Data for this exercise:
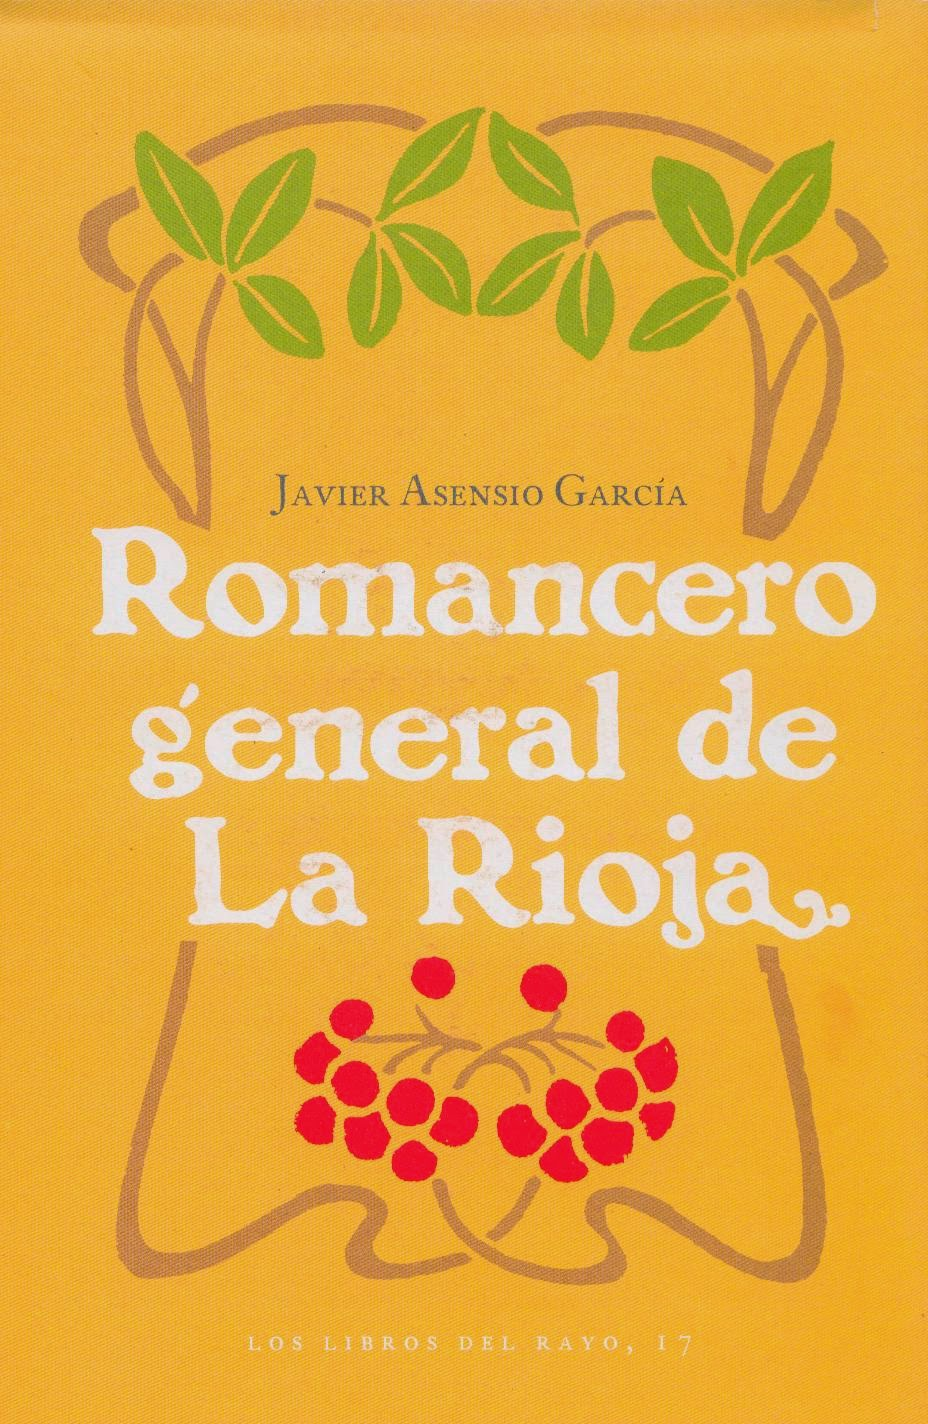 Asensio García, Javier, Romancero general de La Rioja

* * *

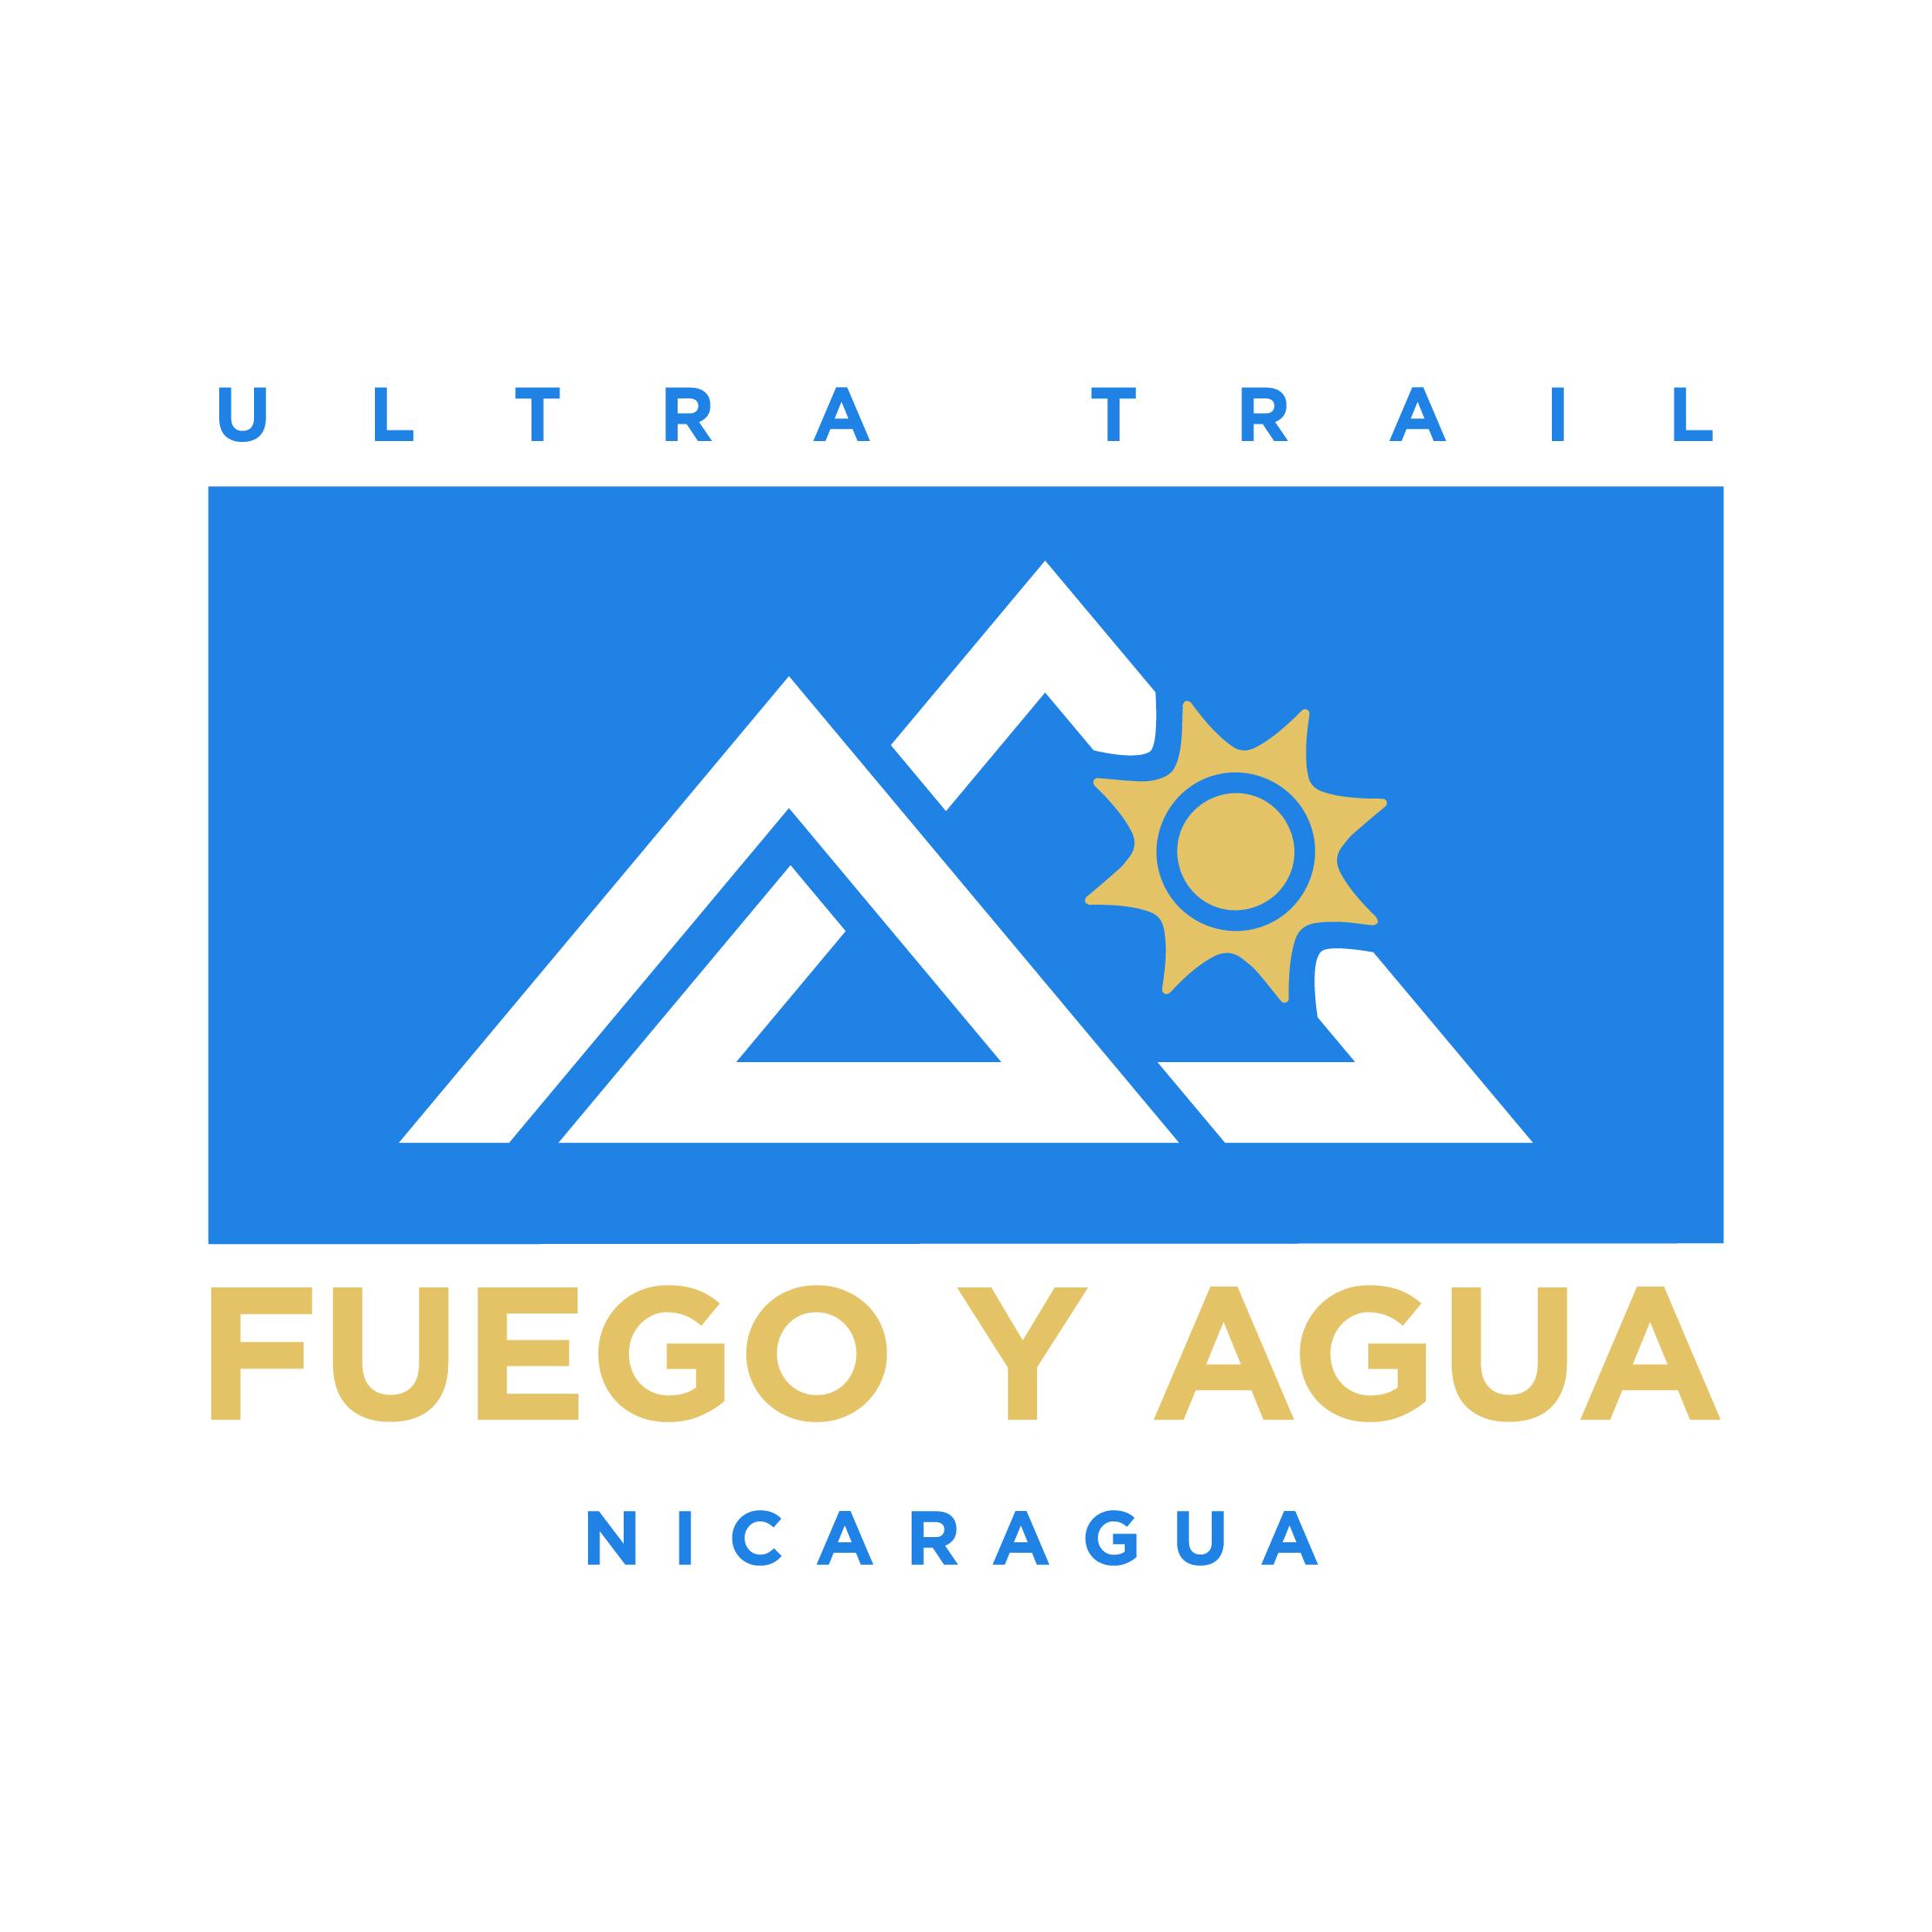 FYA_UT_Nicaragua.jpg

...

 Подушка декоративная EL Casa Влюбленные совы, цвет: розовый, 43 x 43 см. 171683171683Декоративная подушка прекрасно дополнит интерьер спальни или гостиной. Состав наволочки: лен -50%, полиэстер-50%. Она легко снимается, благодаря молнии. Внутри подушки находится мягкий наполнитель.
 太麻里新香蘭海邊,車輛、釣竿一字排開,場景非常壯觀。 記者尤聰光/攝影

Exercise:
Find the line with "Подушка декоративная EL" in the material above. Reproduce it and each line after it up to and including the line with "太麻里新香蘭海邊,車輛、釣竿一字排開,場景非常壯觀。 記者尤聰光/攝影".

Exercise answer:
 Подушка декоративная EL Casa Влюбленные совы, цвет: розовый, 43 x 43 см. 171683171683Декоративная подушка прекрасно дополнит интерьер спальни или гостиной. Состав наволочки: лен -50%, полиэстер-50%. Она легко снимается, благодаря молнии. Внутри подушки находится мягкий наполнитель.
 太麻里新香蘭海邊,車輛、釣竿一字排開,場景非常壯觀。 記者尤聰光/攝影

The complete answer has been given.